## ASSIGNMENT
In your transcription, keep every record exact and leave out the pictures.

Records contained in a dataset
____________________

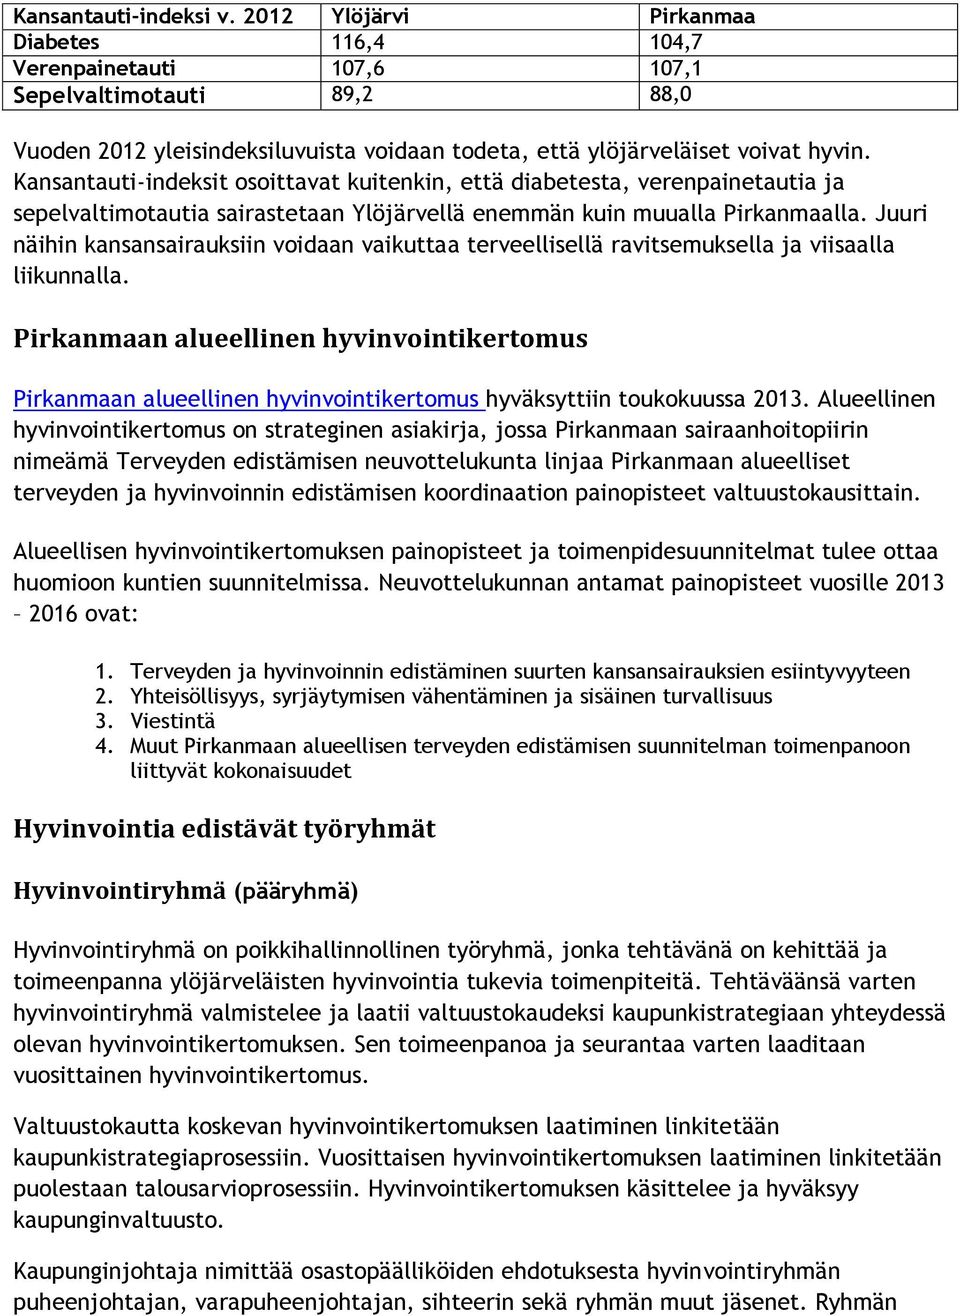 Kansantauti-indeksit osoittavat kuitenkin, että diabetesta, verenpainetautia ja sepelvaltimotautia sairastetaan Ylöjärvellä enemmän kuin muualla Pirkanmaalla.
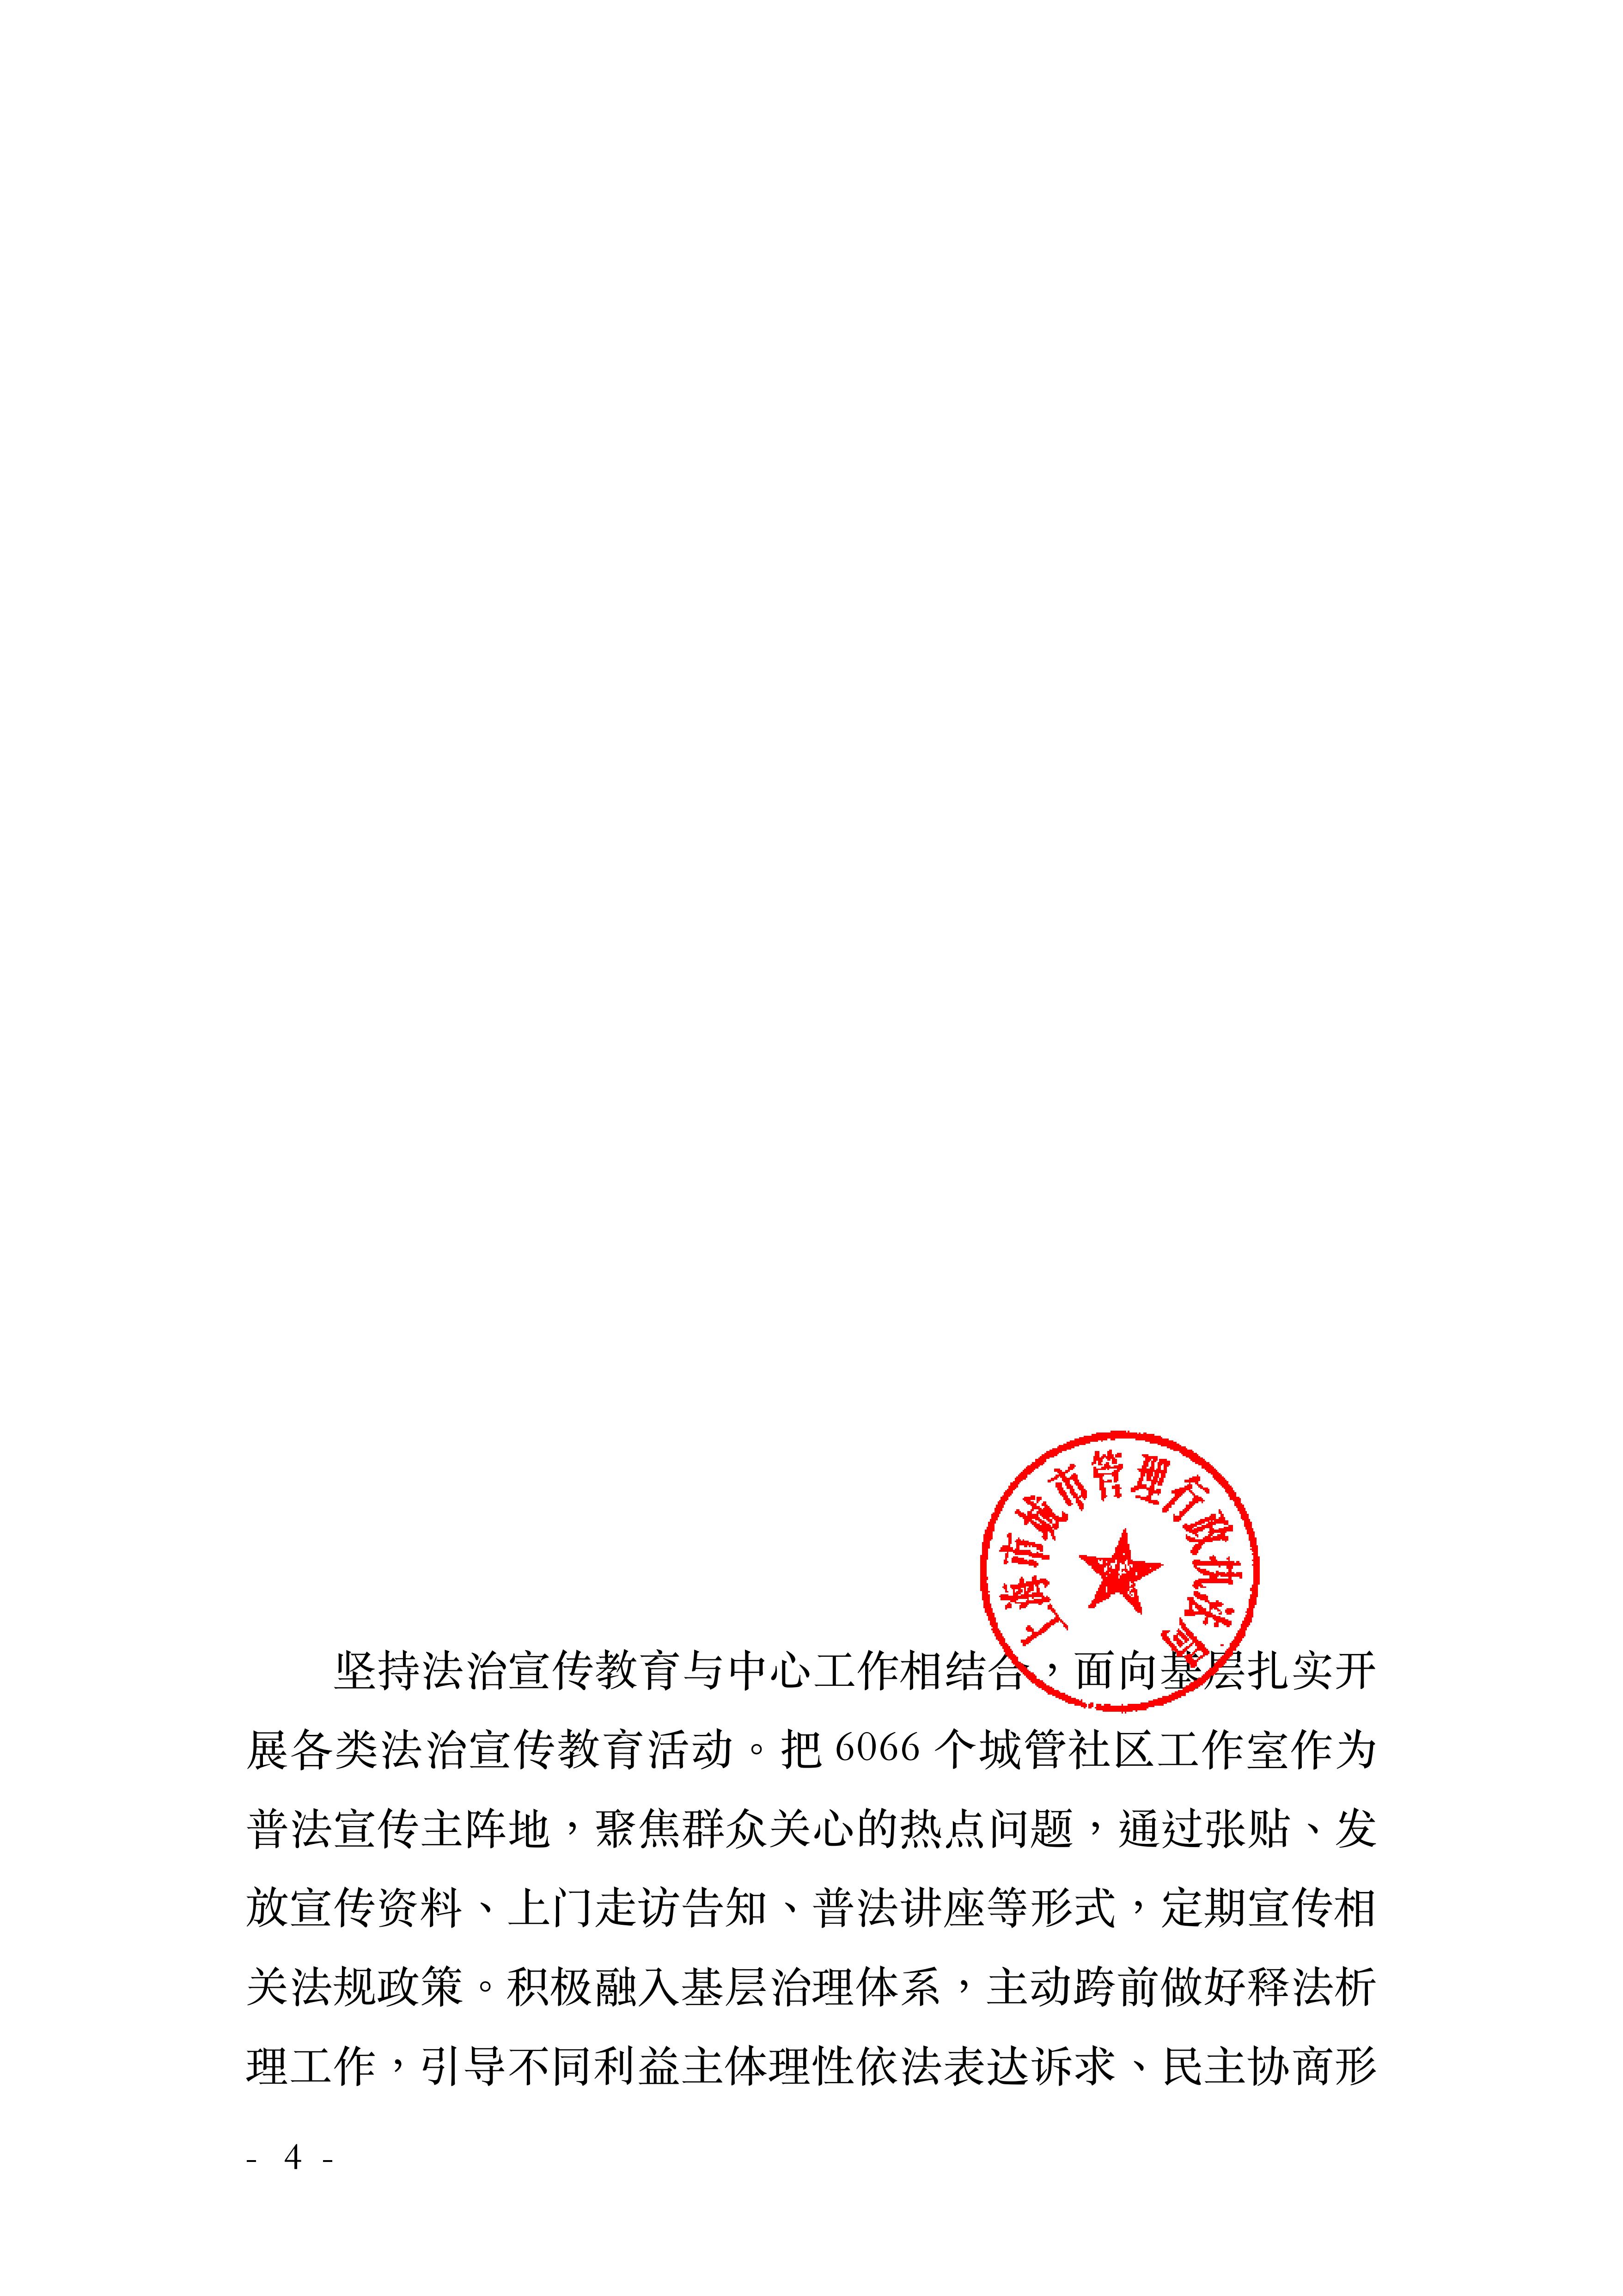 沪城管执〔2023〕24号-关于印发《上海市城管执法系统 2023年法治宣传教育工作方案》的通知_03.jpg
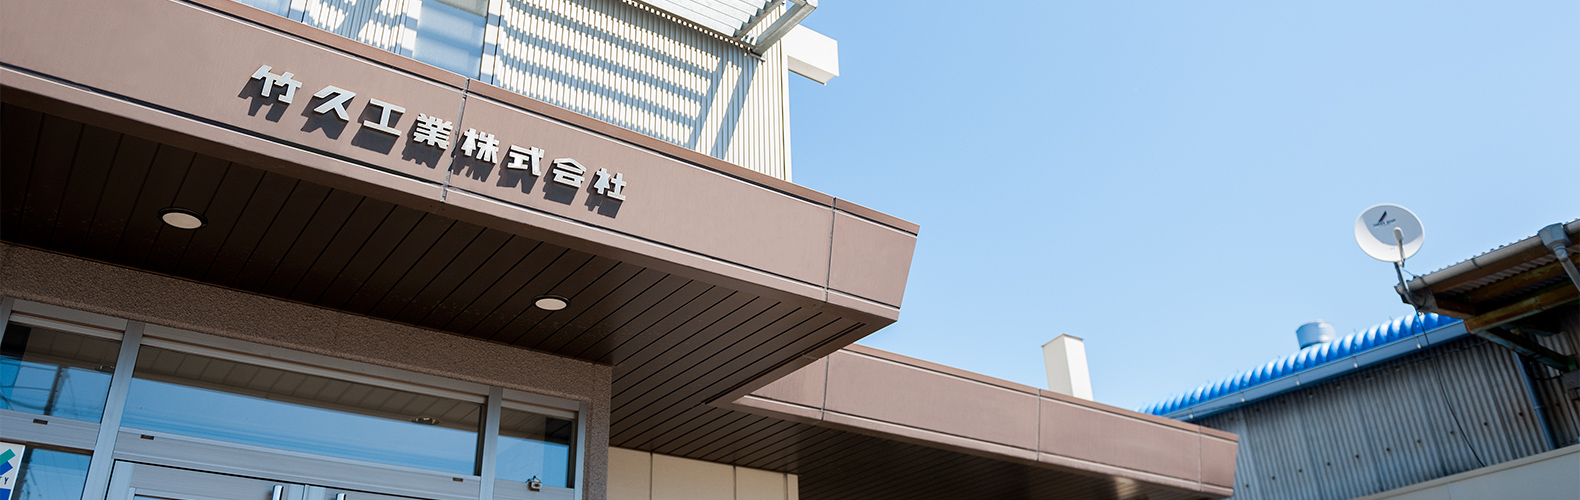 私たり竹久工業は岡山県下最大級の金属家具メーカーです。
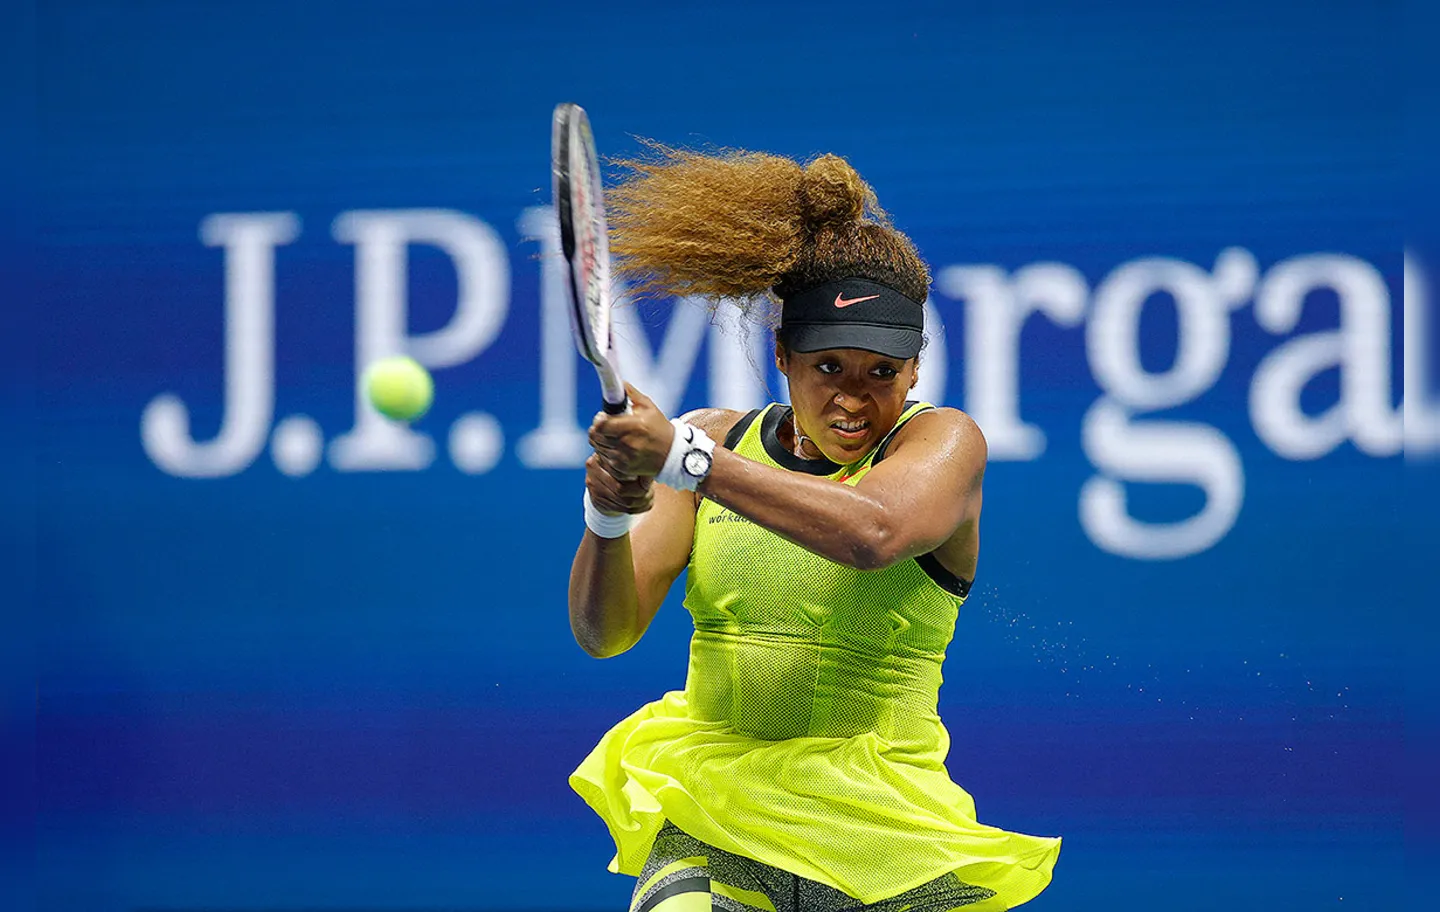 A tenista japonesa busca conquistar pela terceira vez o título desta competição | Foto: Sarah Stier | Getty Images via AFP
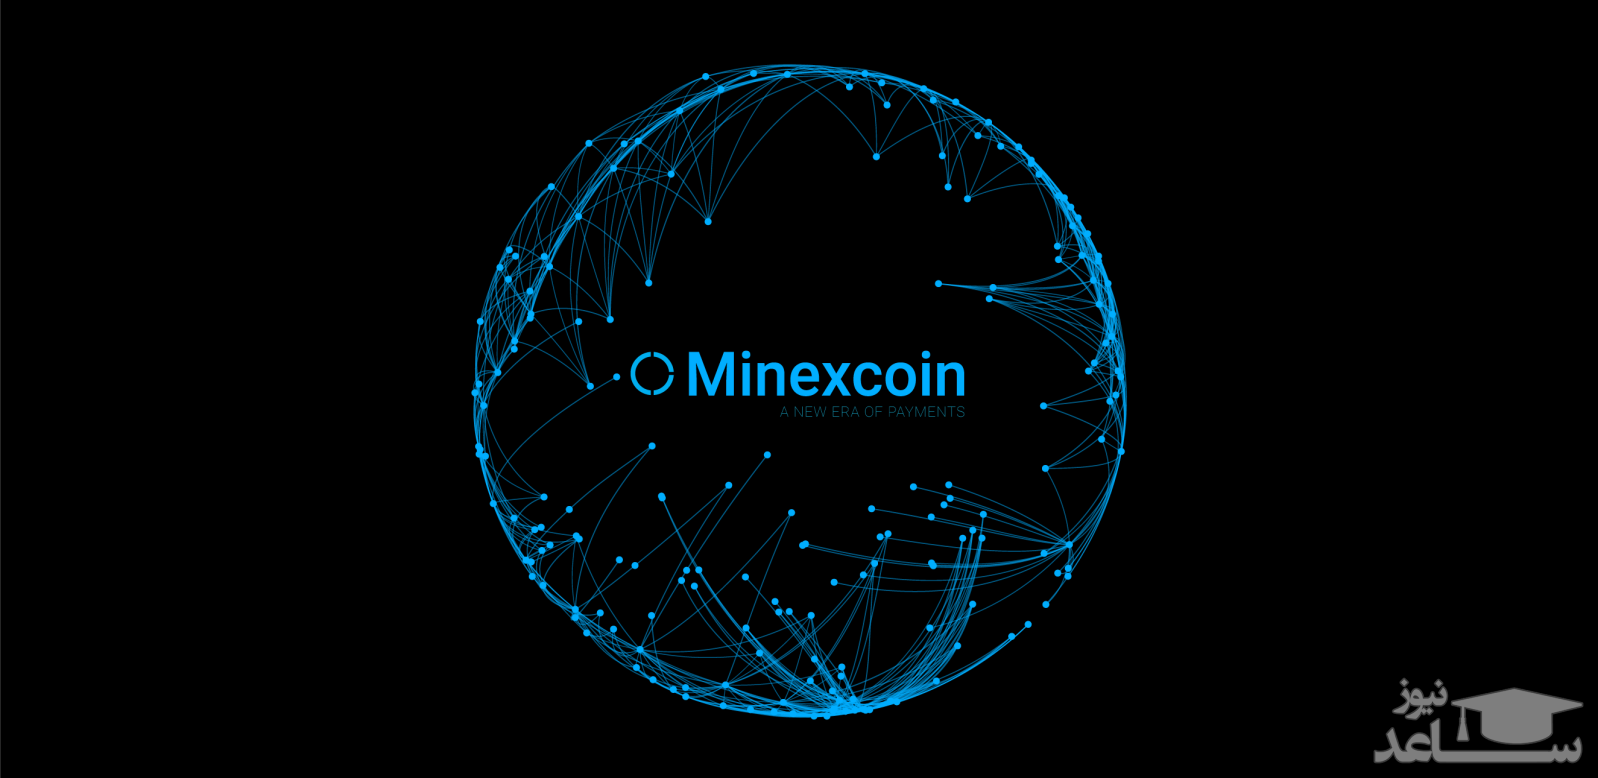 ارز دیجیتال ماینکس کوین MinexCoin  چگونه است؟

____________________

## TASK RESPONSE
 Kansantauti-indeksit osoittavat kuitenkin, että diabetesta, verenpainetautia ja sepelvaltimotautia sairastetaan Ylöjärvellä enemmän kuin muualla Pirkanmaalla.
 沪城管执〔2023〕24号-关于印发《上海市城管执法系统 2023年法治宣传教育工作方案》的通知_03.jpg
 私たり竹久工業は岡山県下最大級の金属家具メーカーです。
 A tenista japonesa busca conquistar pela terceira vez o título desta competição | Foto: Sarah Stier | Getty Images via AFP
 ارز دیجیتال ماینکس کوین MinexCoin  چگونه است؟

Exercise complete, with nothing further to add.